▶ Exercise directions
Could you print each entry below verbatim while omitting the pictures?

[Source data]
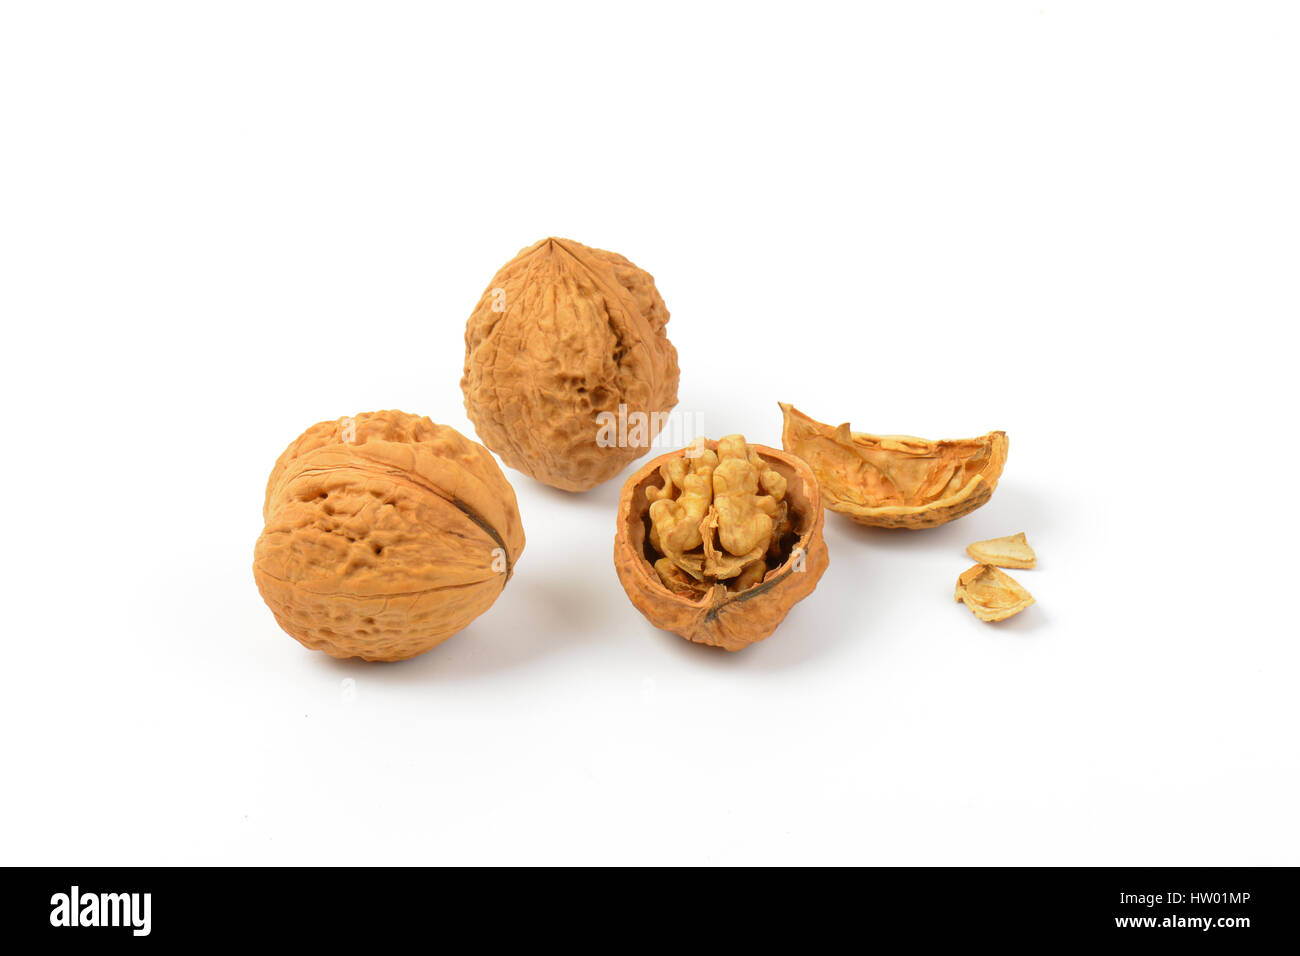 whole and cracked walnuts on white background Stock Photo
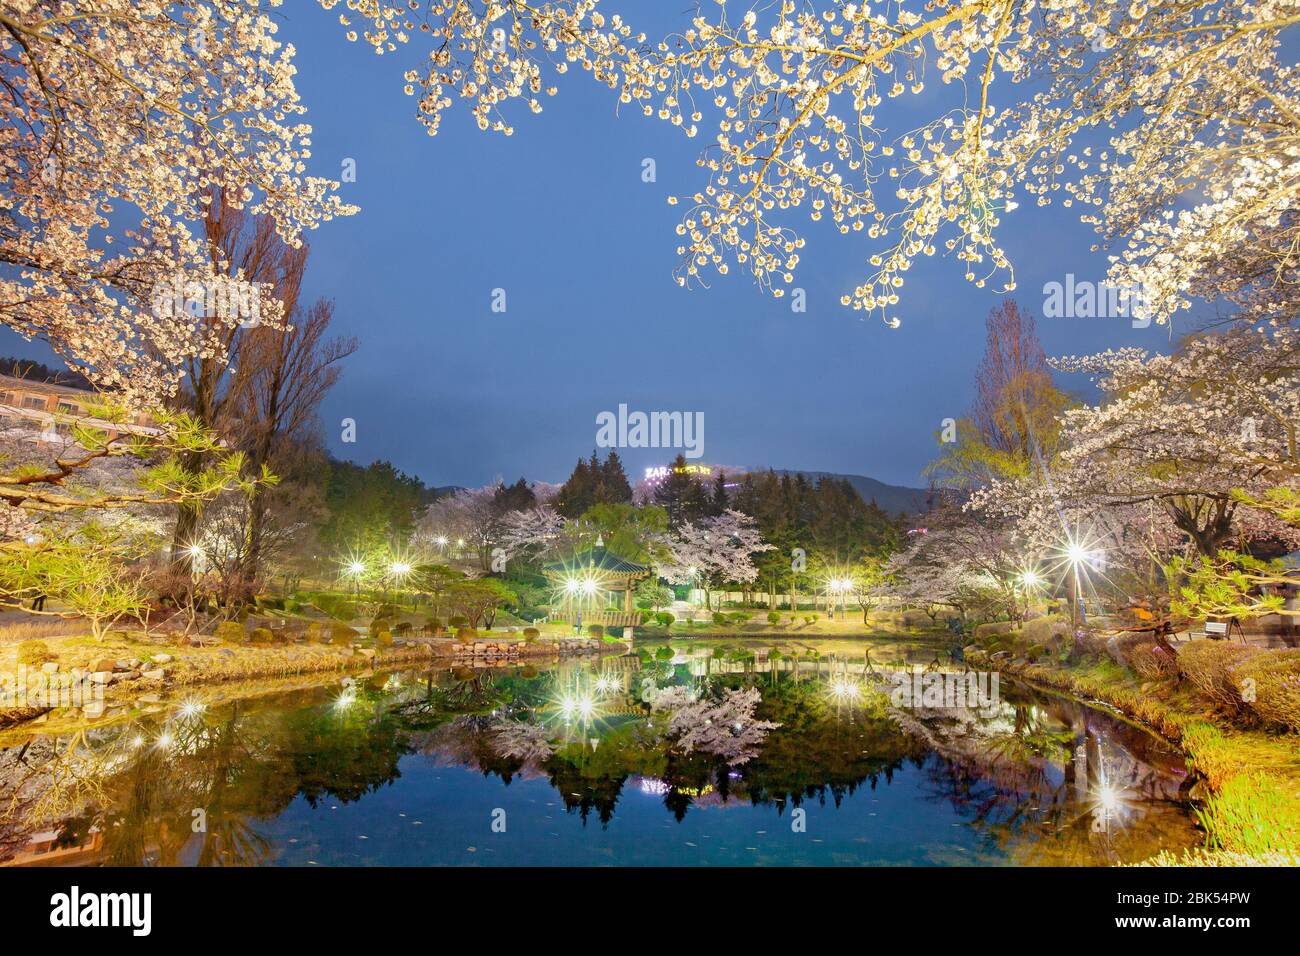 Vista nocturna, hermoso paisaje de cerezos en flor en el Pabellón Bomunjeong en Gyeongju, Corea Foto de stock
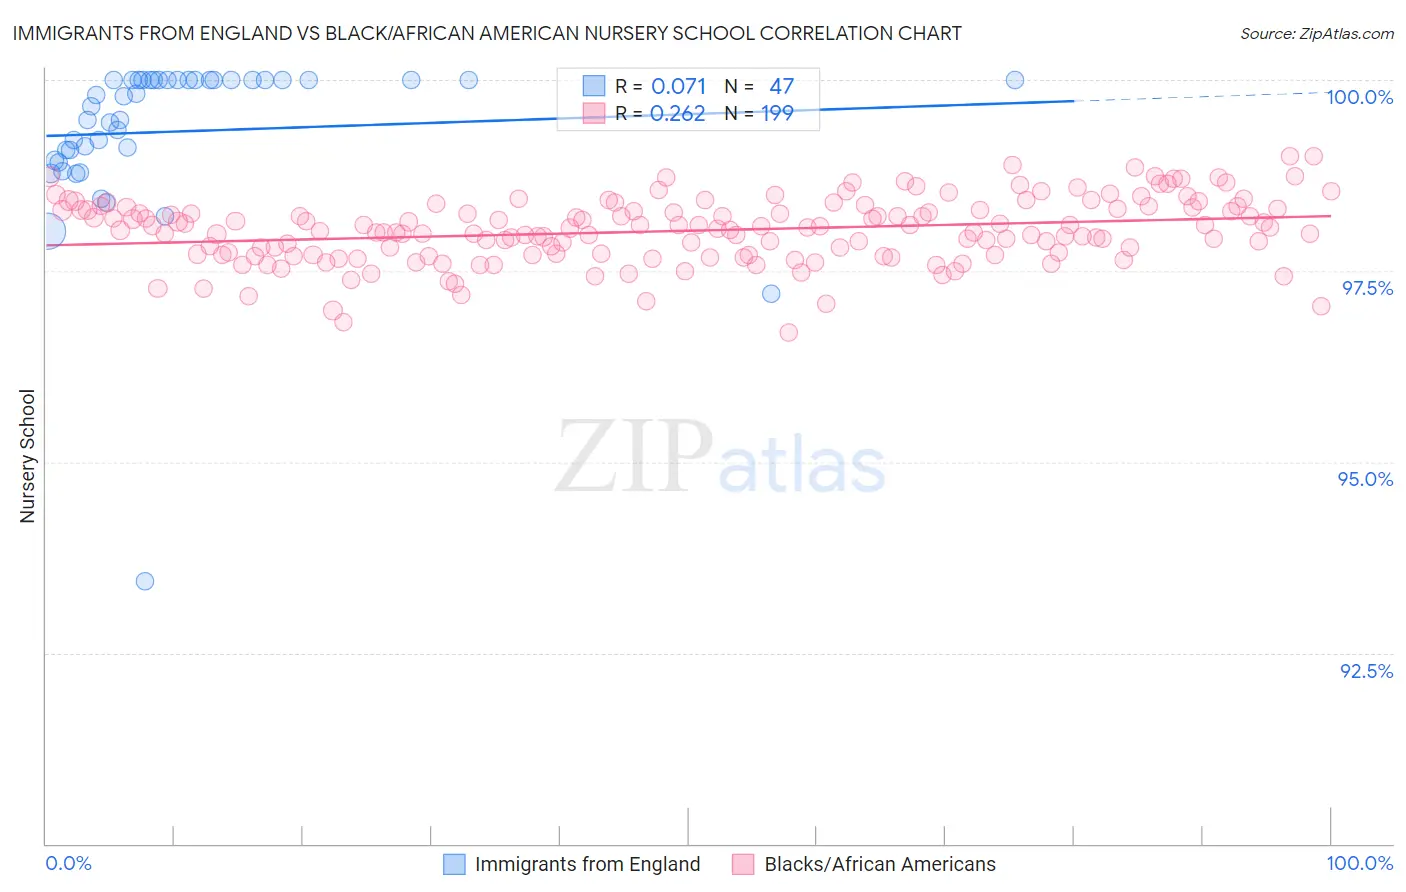 Immigrants from England vs Black/African American Nursery School
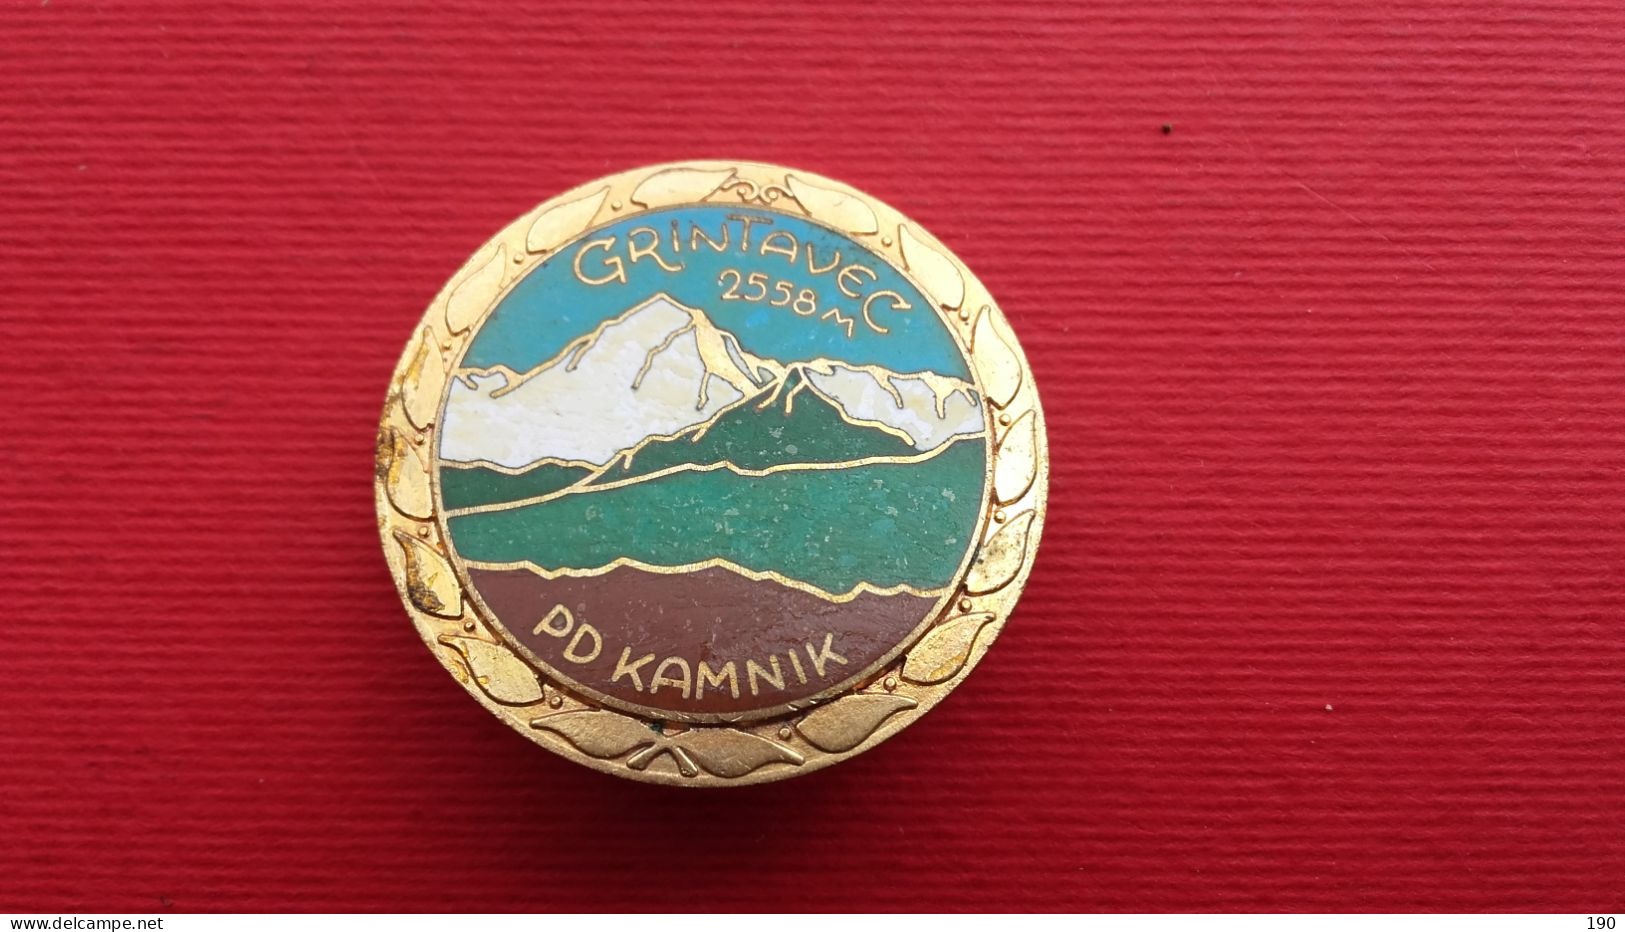 Grintavec.PD Kamnik - Alpinism, Mountaineering
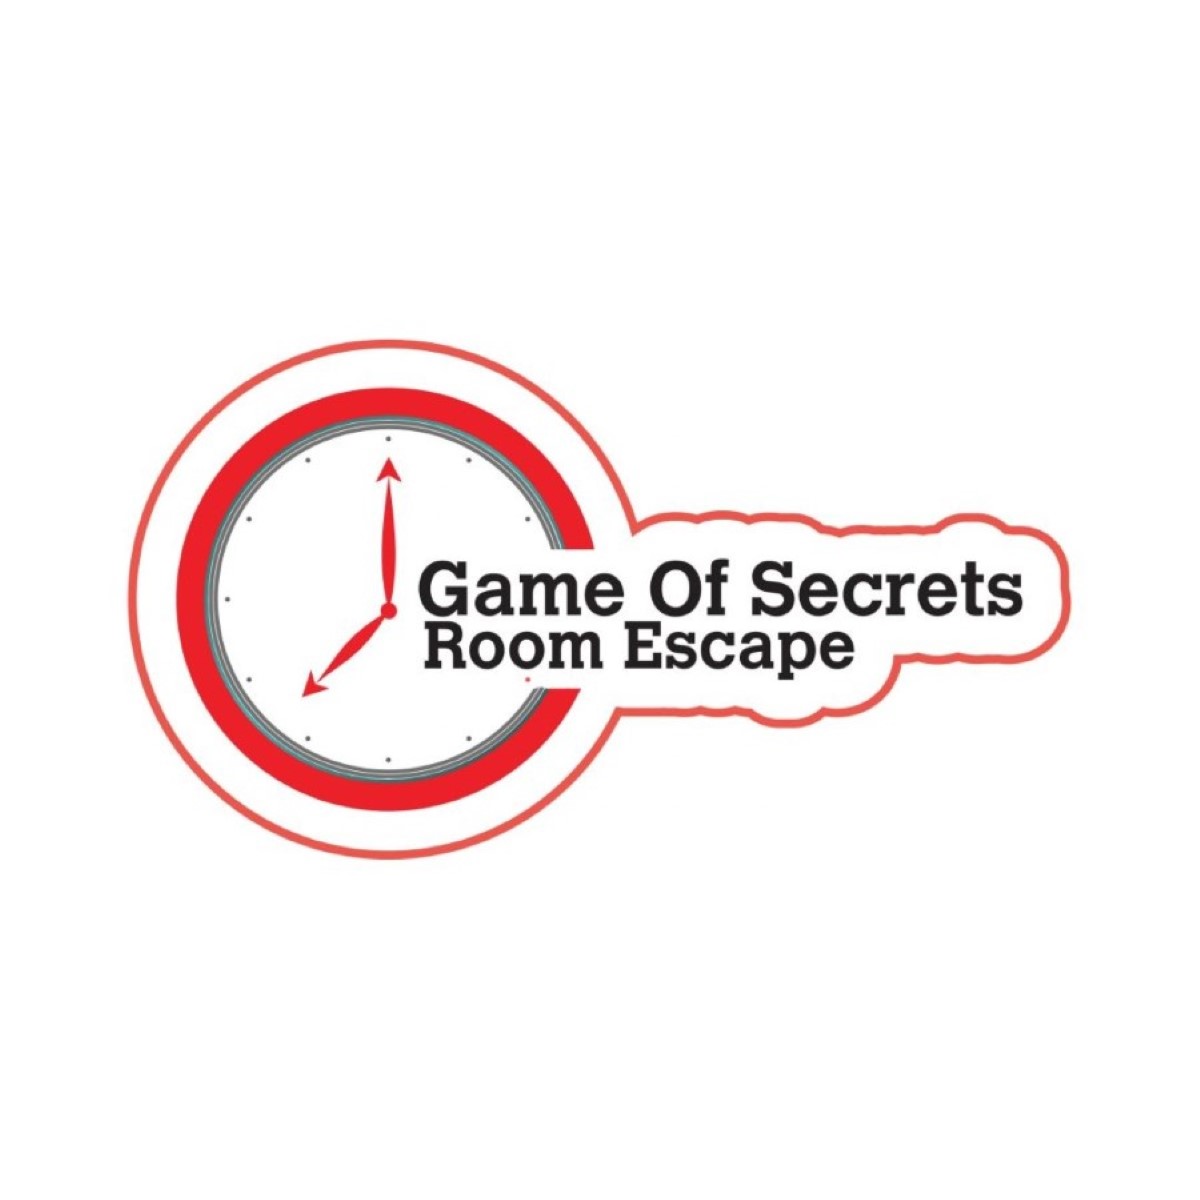 GameOfSecrets Room Escape Tenerife

▶ Your solution
 whole and cracked walnuts on white background Stock Photo
 Vista nocturna, hermoso paisaje de cerezos en flor en el Pabellón Bomunjeong en Gyeongju, Corea Foto de stock
 Immigrants from England vs Black/African American Nursery School
 Grintavec.PD Kamnik - Alpinism, Mountaineering
 GameOfSecrets Room Escape Tenerife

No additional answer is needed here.